One tack is simply improving accuracy for existing tools. The alternative is to take a pessimistic approach and add more margin, but while margin can provide a buffer against unknowns it also defeats the purpose of moving to the next process node because it decreases performance, increases power requirements, and at 40nm an beyond it increases the number of physical effects that have to be dealt with and verified.
“One of the problems is that timing has been graph-based,” said Anirudh Devgan, corporate vice president of silicon signoff and verification at Cadence. “The better approach is path-based. You can recover about 3% of the margin with a path-based solution. In the past, the tools were not accurate enough to bound the problem. And when you consider on-chip variation, that only increases the number of unknowns.”
This challenge is particularly evident at the verification and signoff stage, where chipmakers get to see everything that is known to have gone wrong so far. Unknowns can stack up there in a giant logjam and turn the verification and debugging process into a nightmare. Fortunately, most of the companies that have been wrestling with these issues have seen this coming for awhile and are at least aware of what needs to be done on the design side.
A second approach is to isolate various sections of the design, through approaches such as behavioral modeling (see related story). What’s different about that strategy is that while it follows the usual divide-and-conquer approach, it requires raising the level of abstraction to get there. Either way, there is more to deal with in the same or less time, and there are interactions that no one has encountered in the past because the number features and overall density are increasing.
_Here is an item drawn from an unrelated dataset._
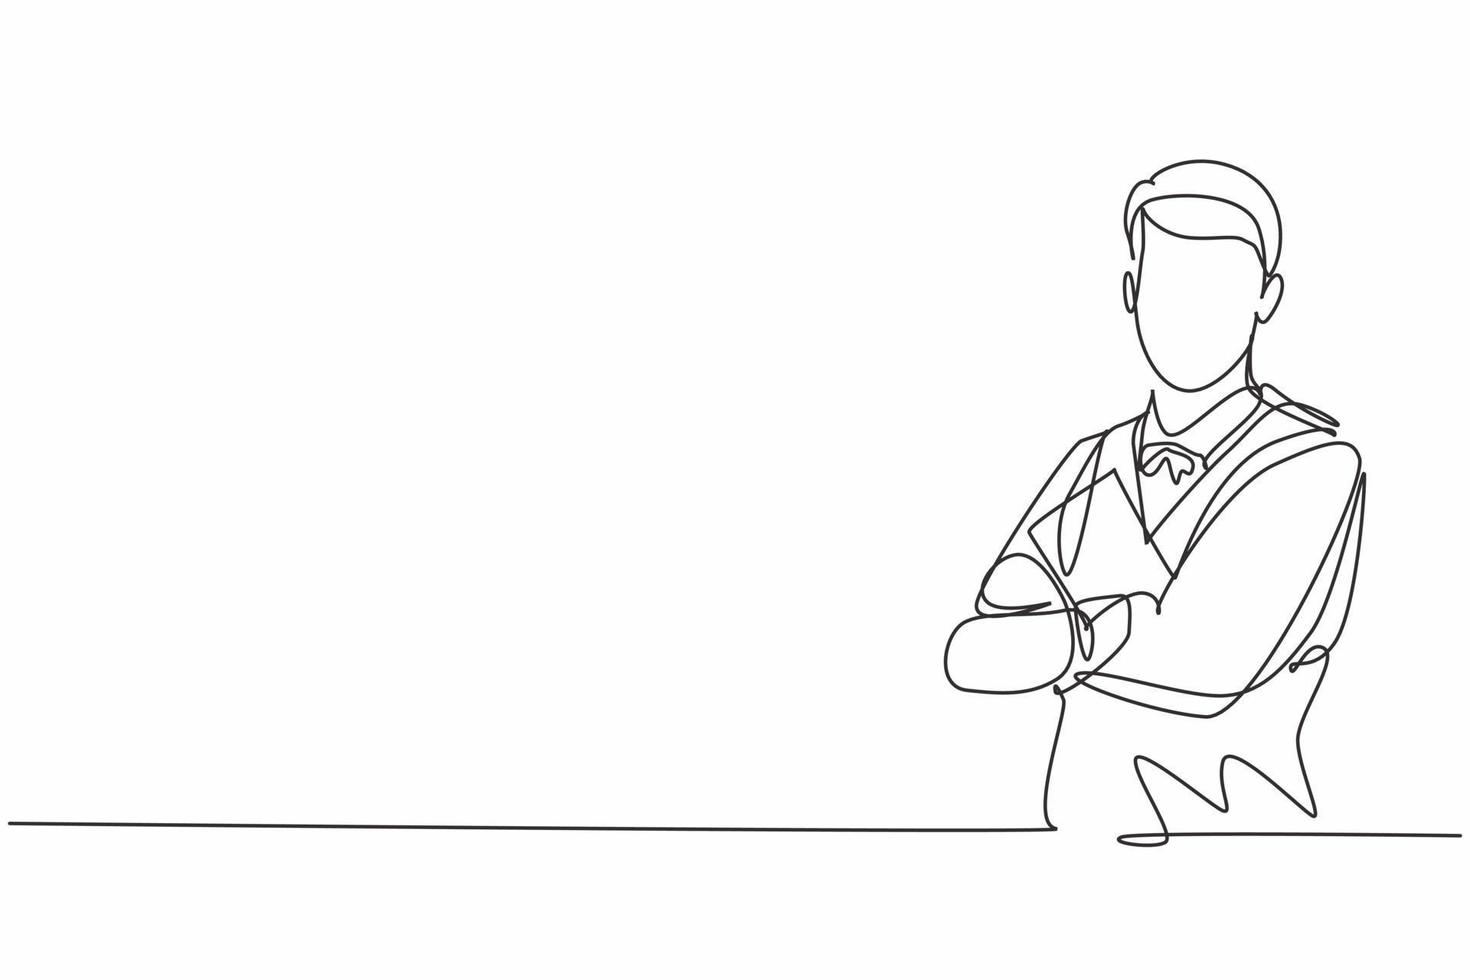 enkele doorlopende lijntekening van een jonge mannelijke ober met een kruisarm op de borst terwijl hij het resto-menu vasthoudt. professioneel werk baan beroep. minimalisme concept een lijn tekenen grafisch ontwerp vectorillustratie vector

“There are certainly more complexities to deal with,” said Erich Marschner, product marketing manager at Mentor Graphics. “What some users don’t address is things that go beyond the basic checks.”
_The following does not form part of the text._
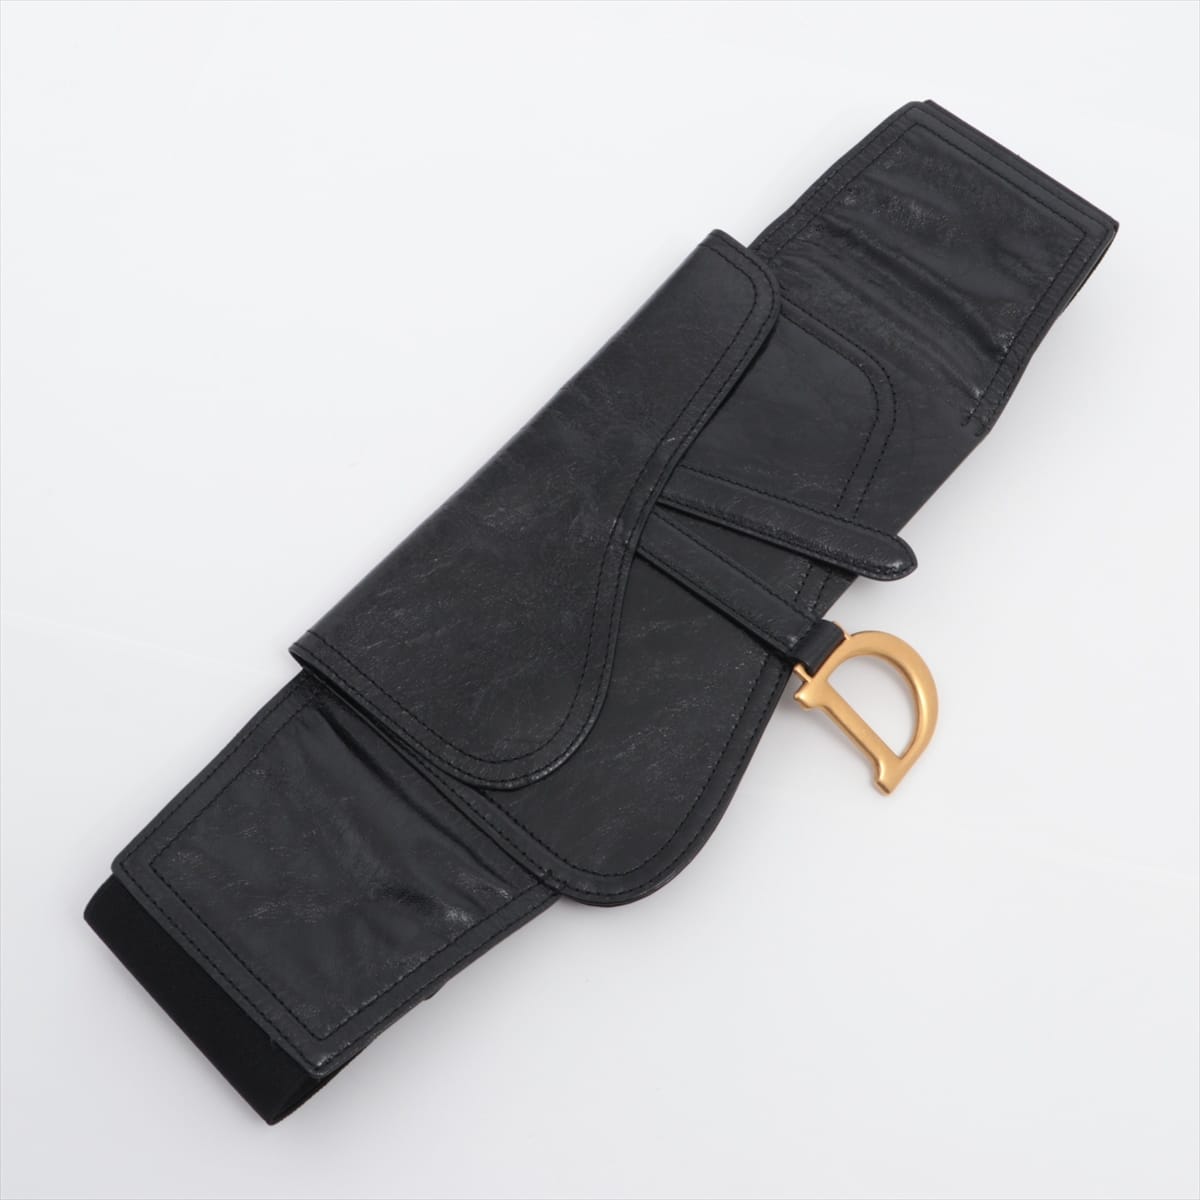 Christian Dior Saddle Belt Leather Black

FinFETs, process variation and other surprises
Unknowns aren’t just confined to the design process, either. They have taken on a new dimension at the most advanced nodes with process variation and interactions that were unexpected, some involving software.
“For exploration and feasibility you can tune your constraints, and for established nodes that’s not so difficult,” said Mary Ann White, director of product marketing at Synopsys. “But there are good reasons why customers are moving to finFETs, and there are a lot of unknowns there. With real silicon you’ve also got on-chip variation.”
Add to that the sheer complexity of devices that may be plugged into a wall outlet sometimes, reliant on batteries at other times, and chock full of different voltages that may or may not be used depending on the user, the functionality or the location.
“The foundries give us slow-slow and fast-fast, but an SoC has to operate at all of these conditions and more,” White said. “That’s yet another variation of unknowns, and MCMM (multi-corner, multi-mode) is yet another constraint.”
Conclusions
X’s are not new. Unknowns have been dealt with by verification teams for years. What’s changed, though, is the sheer number of unknowns, the potential impact of one unknown on another, and the need to consider them as part of a system rather than in isolation.
Tools, methodology and education all help. But each of them alone—and in some cases, all of them together—cannot predict or solve all the potential adverse interactions. Complexity in design is spilling over in all directions, and the number of X’s is a direct result of that complexity. At best it can be contained, but it will never be completely solved.